Years ago, watching a blue faced Mel Gibson sitting on a horse going on and on about his freedom, it never really occurred to me that the land which he so ferociously battles to save would hundreds of years later be the land of my ancestors. So two years ago, on what was probably about the eighth rewatch of Braveheart, I decided the time had come. I wanted to see my ancestral homeland, to see if I felt some sense of belonging, of kinship, and whether I suddenly developed a taste for sheep’s stomach stuffed with offal.
Happily, I was living in London at the time. This meant I was about 16,000 kilometers closer to achieving this goal than I would have been had I been watching Mel strangle a Scottish accent on my couch in Melbourne. So I booked a wee trip around the West Highlands.
I caught the train up to Edinburgh on a Monday afternoon and met the tour bus early on Tuesday. I’d put a lot of effort into picking the right kind of tour company.
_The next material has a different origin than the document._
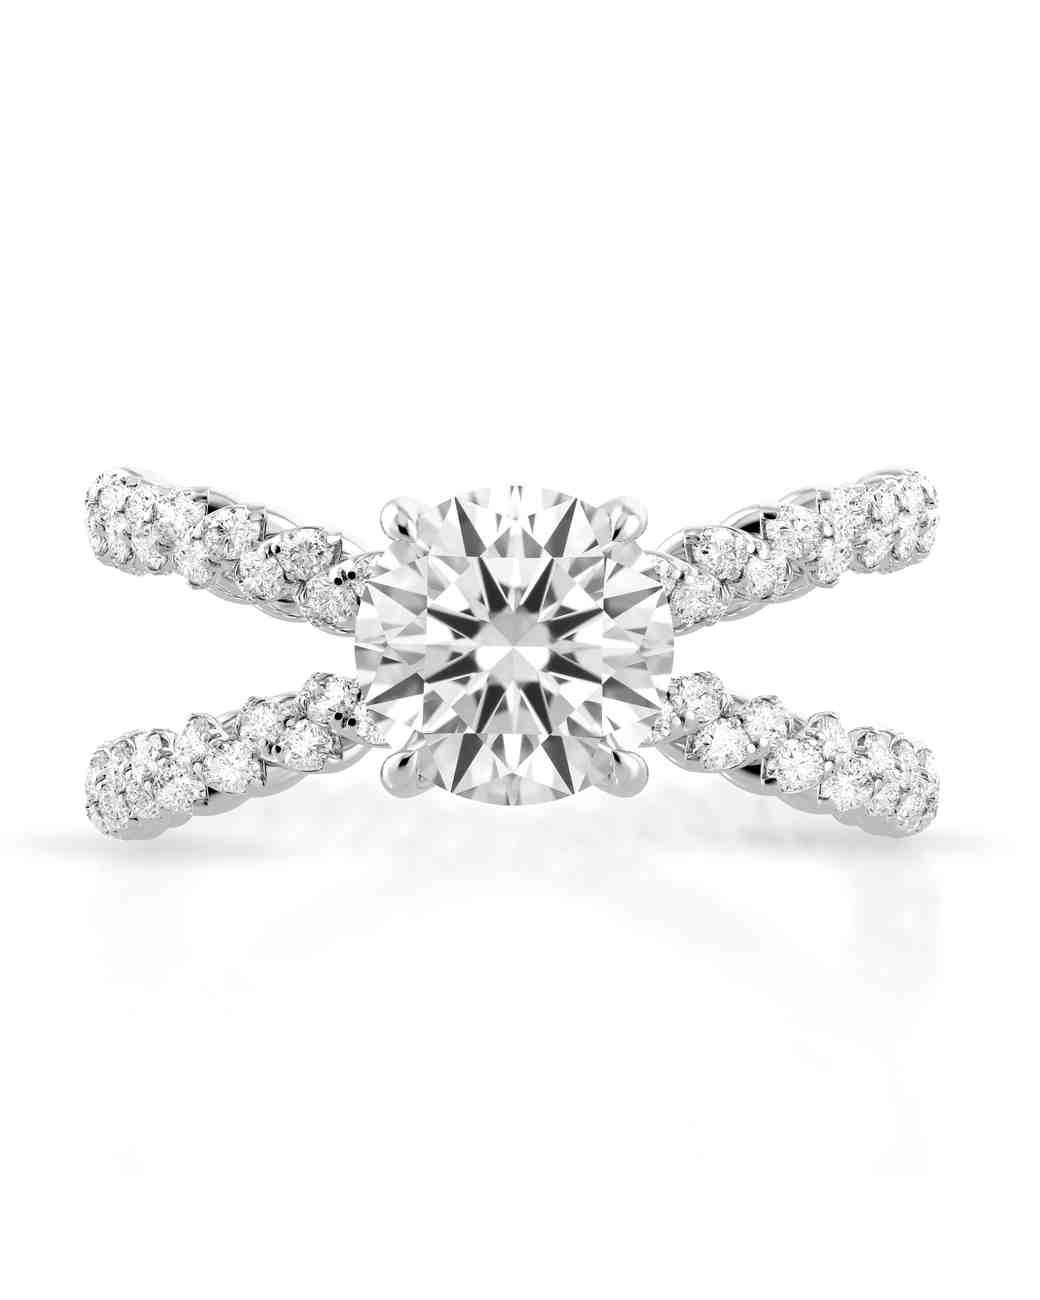 Danhov White Gold Engagement Ring

I didn’t want the ‘let’s get trashed every night till we vomit’ tour, or the other end of the spectrum, the’ ‘I’m so old I might die on this tour’ tour. I thought I’d picked the happy medium. As I walked around a corner onto the Royal Mile, I saw our mini bus parked on the street, a large dent and angry grey marks slashed across the front bumper bar. Now, if I was someone who believes in signs… oh, I am… shit.
My bus was made up of a family of six from India, a Malaysian couple in their fifties, an Australian couple and their (I’m guessing) not-quite-all-there teenage daughter, three Germans in their twenties and me. Oh and James the driver/guide/historian/botanist/web-designer/soon to be ex-smoker – “Tomorrow tomorrow, I swear I’ll give up tomorrow”.
The Indian men were lawyers, quite happy and chatty, but their wives and kids kept pretty much to themselves. Although one woman made her prescence known by belching her way around the Highlands. Every minute or so there’d come this enormous, chunky burp from her, then a second, then a third, just in case you put the first two down to exotic wildlife. None of her family batted an eyelid.
The Malaysian couple were lovely. The husband had studied engineering in Glasgow thirty years ago and was back on a small trip around Scotland, to show his wife around I guessed.
The Australians, yeah they were nice too. Everyone was ‘nice’. I of course recognised their accents straight away and a few sentences in I also guessed they were from Queensland.They were amazed at my deduction, but it’s not that hard for someone who spent a bit of time up north in her teens. You see, the dad spoke really slowly. Like. There. Was. A. Full. Stop. Between. Every. Word. And the mother had a habit of repeating everything, but with a slight edit on the second sentence, also a very Australian trait. She’d be like “So how long have you been here? Have you been here long?” and “I guess you’ve been to heaps of castles. Have you seen lots of castles?” By the end of the trip, to my horror, whenever I spoke to her I realised I was doing it too.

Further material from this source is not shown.